= EXERCISE MATERIAL =

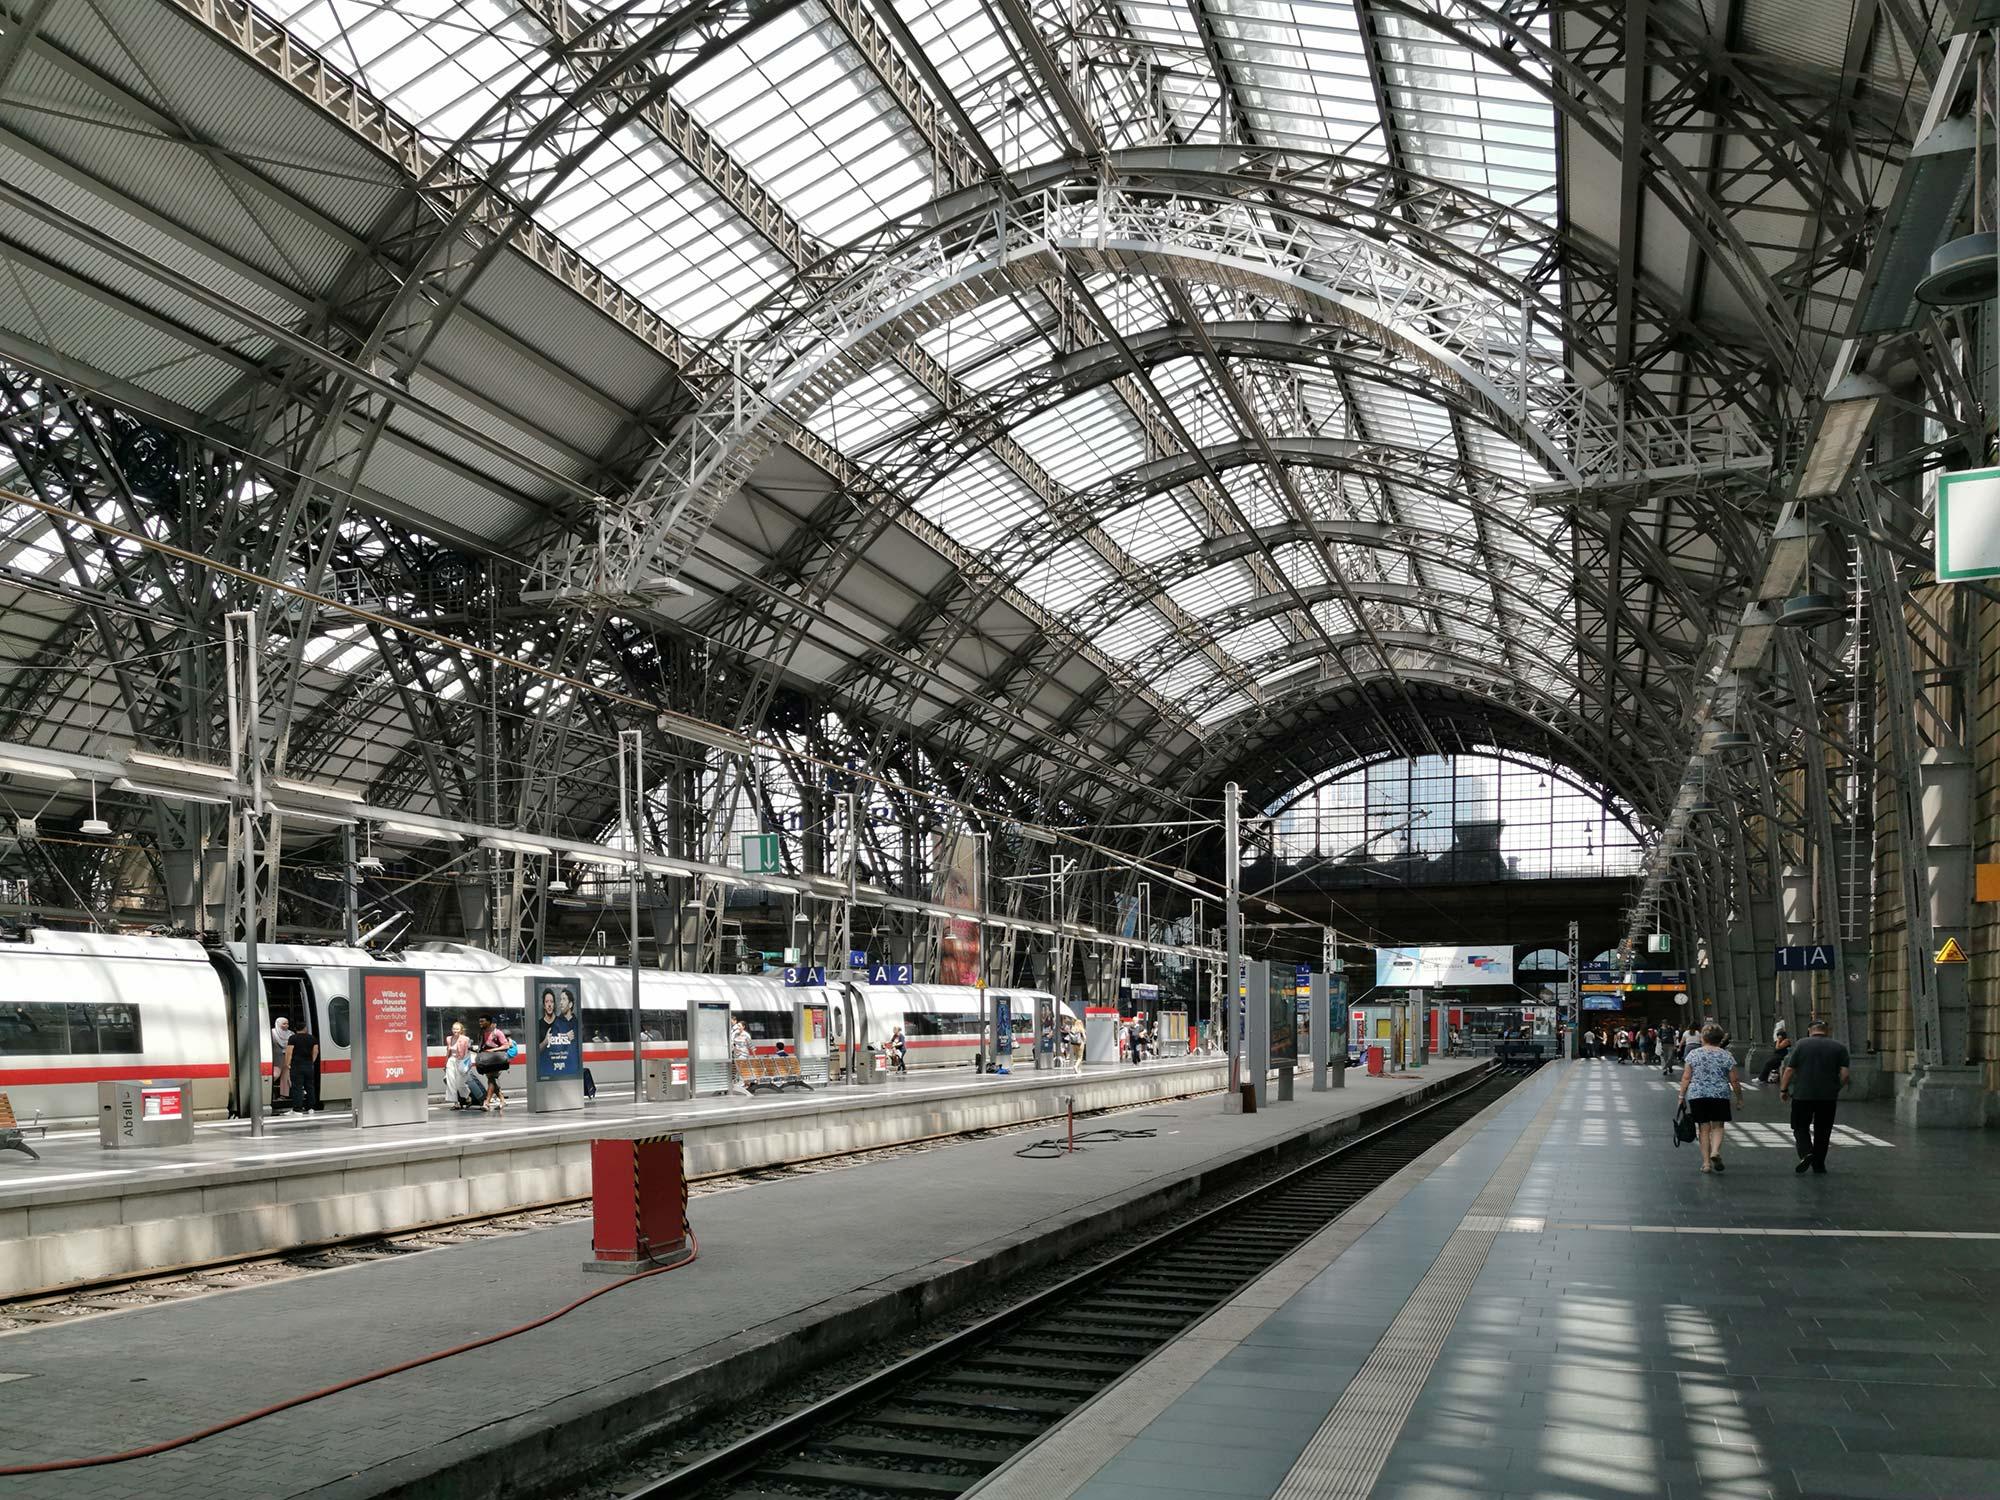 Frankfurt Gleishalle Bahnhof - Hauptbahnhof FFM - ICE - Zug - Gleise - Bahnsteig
...
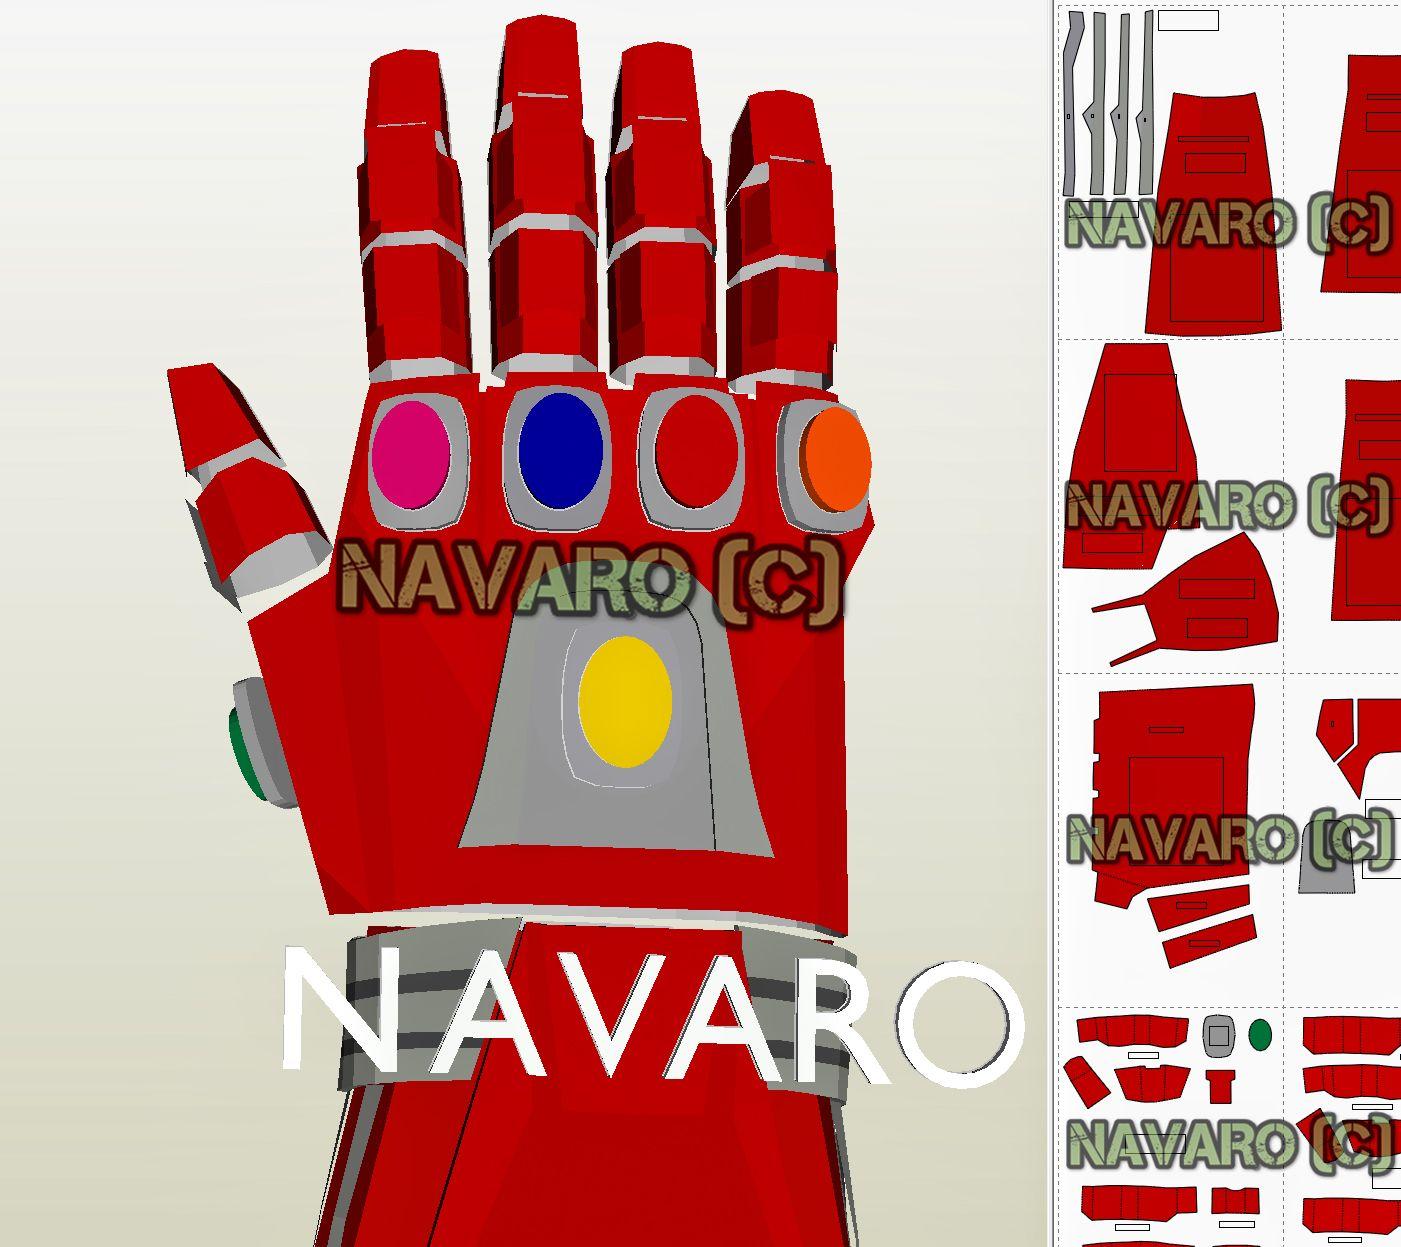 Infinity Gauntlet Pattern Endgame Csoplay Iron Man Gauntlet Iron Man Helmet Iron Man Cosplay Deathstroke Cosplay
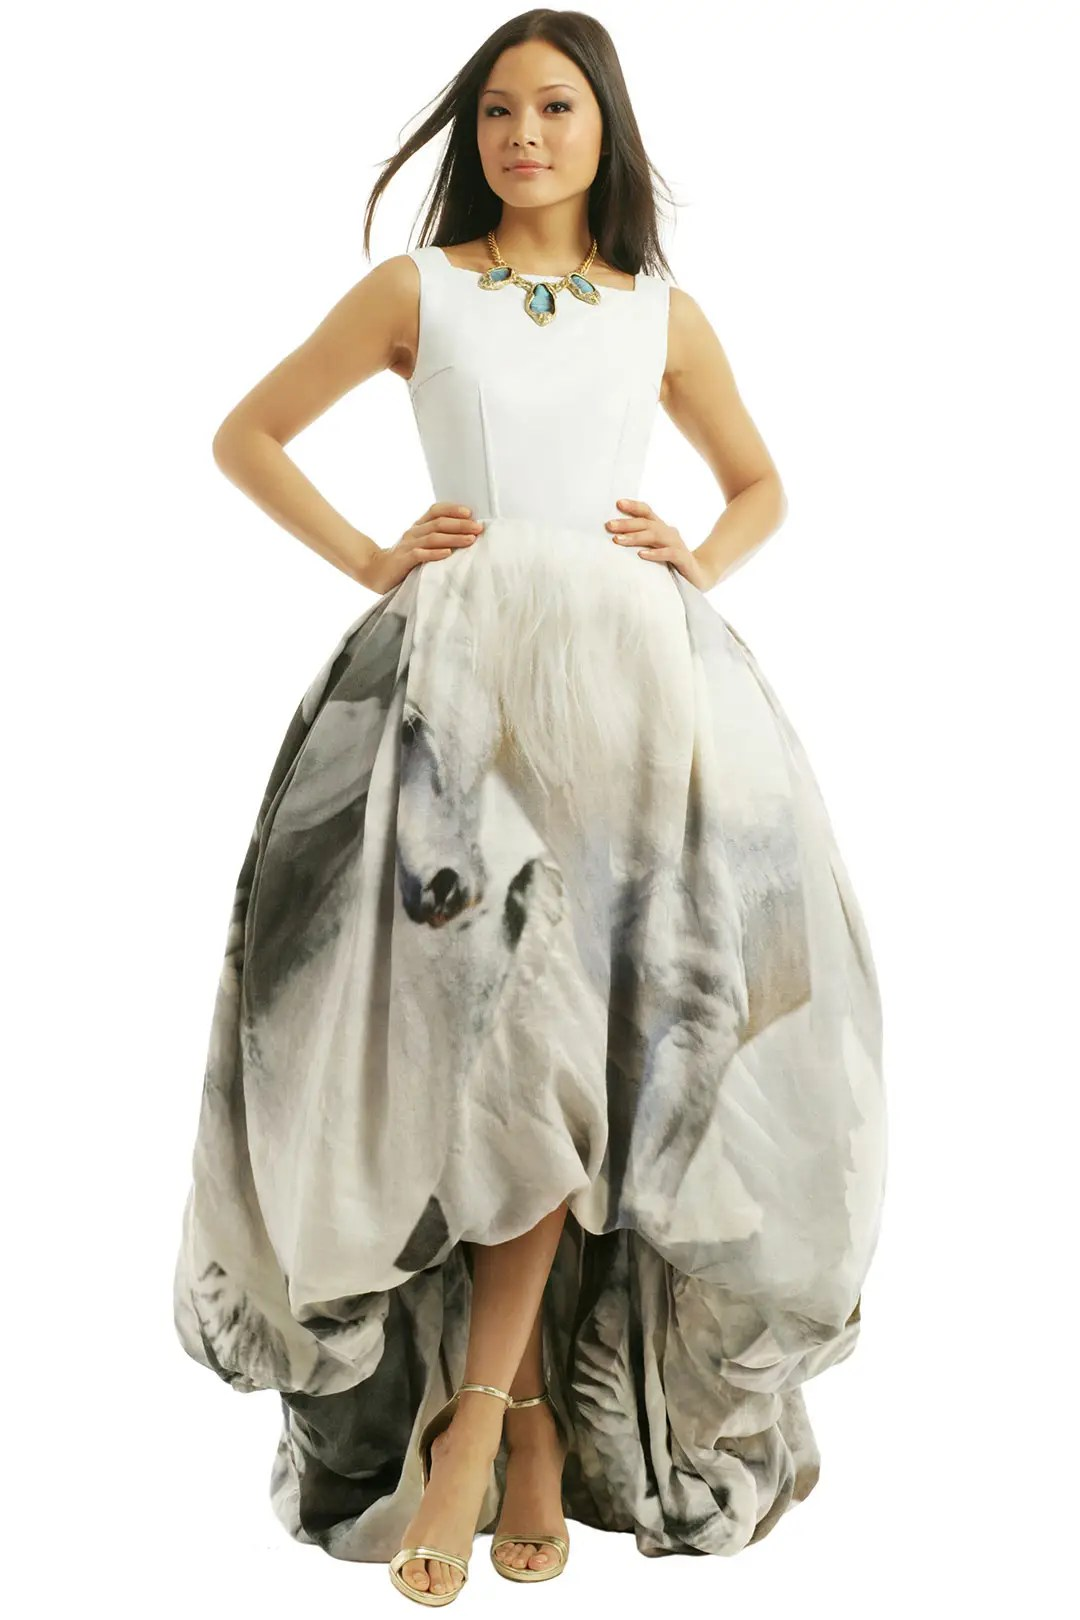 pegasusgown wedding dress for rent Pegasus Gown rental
* * *
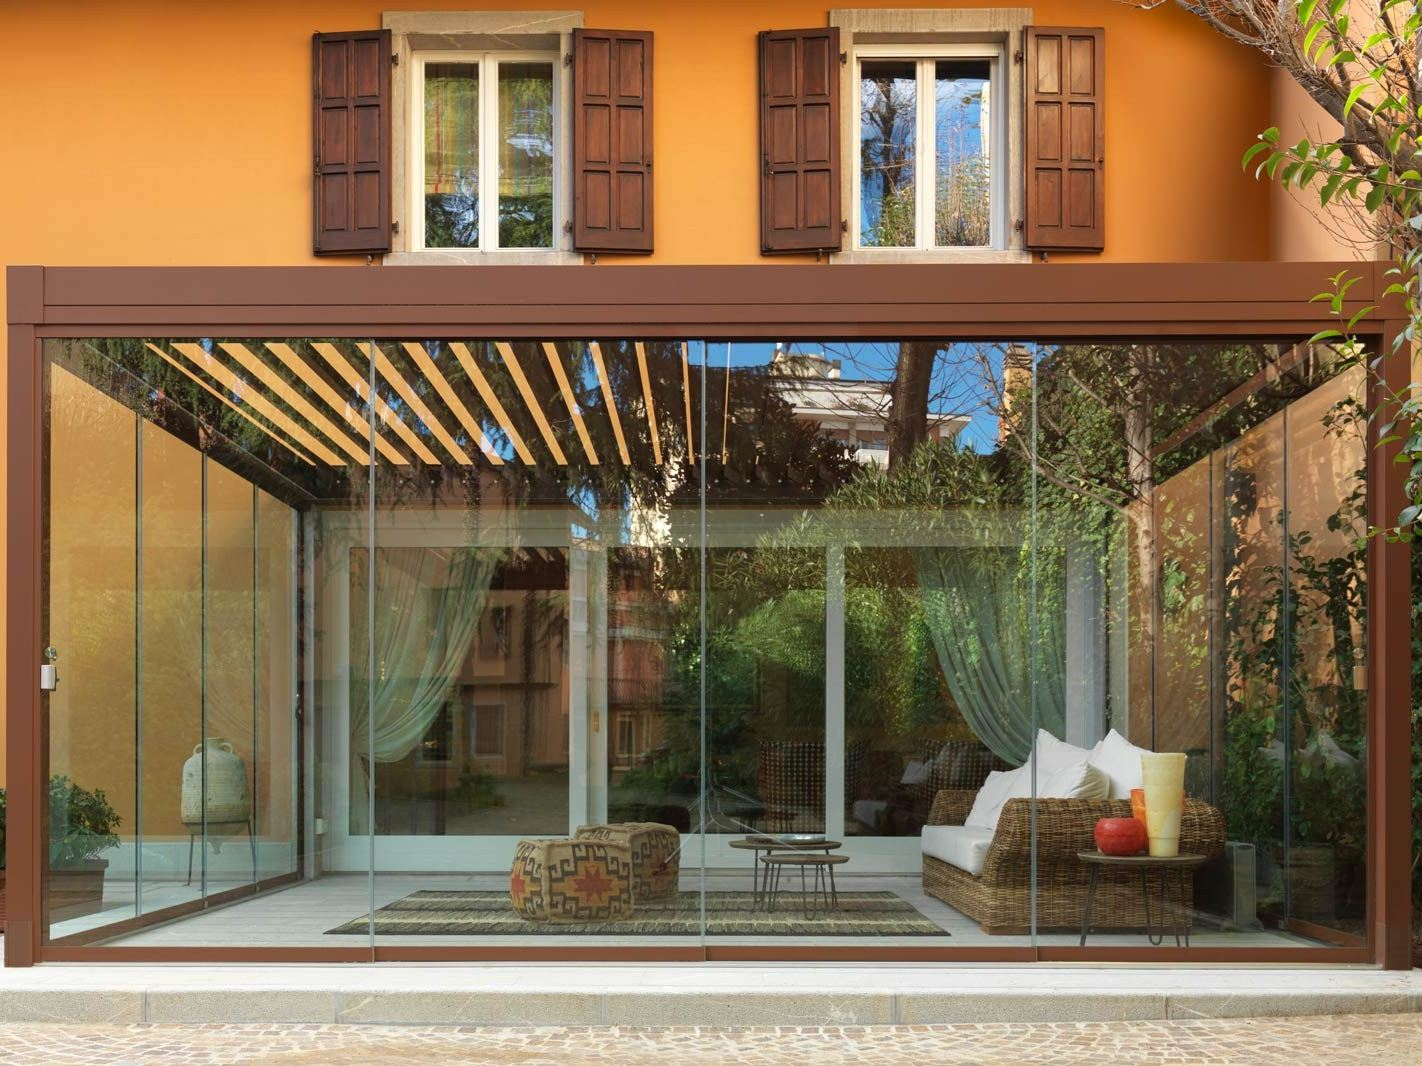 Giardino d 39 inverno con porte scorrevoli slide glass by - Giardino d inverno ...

= ABOUT THIS EXERCISE =
Copy the lines above exactly, starting at the one with "Infinity Gauntlet Pattern" and ending at the one with "pegasusgown wedding dress", both included. Leave out any pictures and add nothing else.

= ANSWER =
 Infinity Gauntlet Pattern Endgame Csoplay Iron Man Gauntlet Iron Man Helmet Iron Man Cosplay Deathstroke Cosplay
 pegasusgown wedding dress for rent Pegasus Gown rental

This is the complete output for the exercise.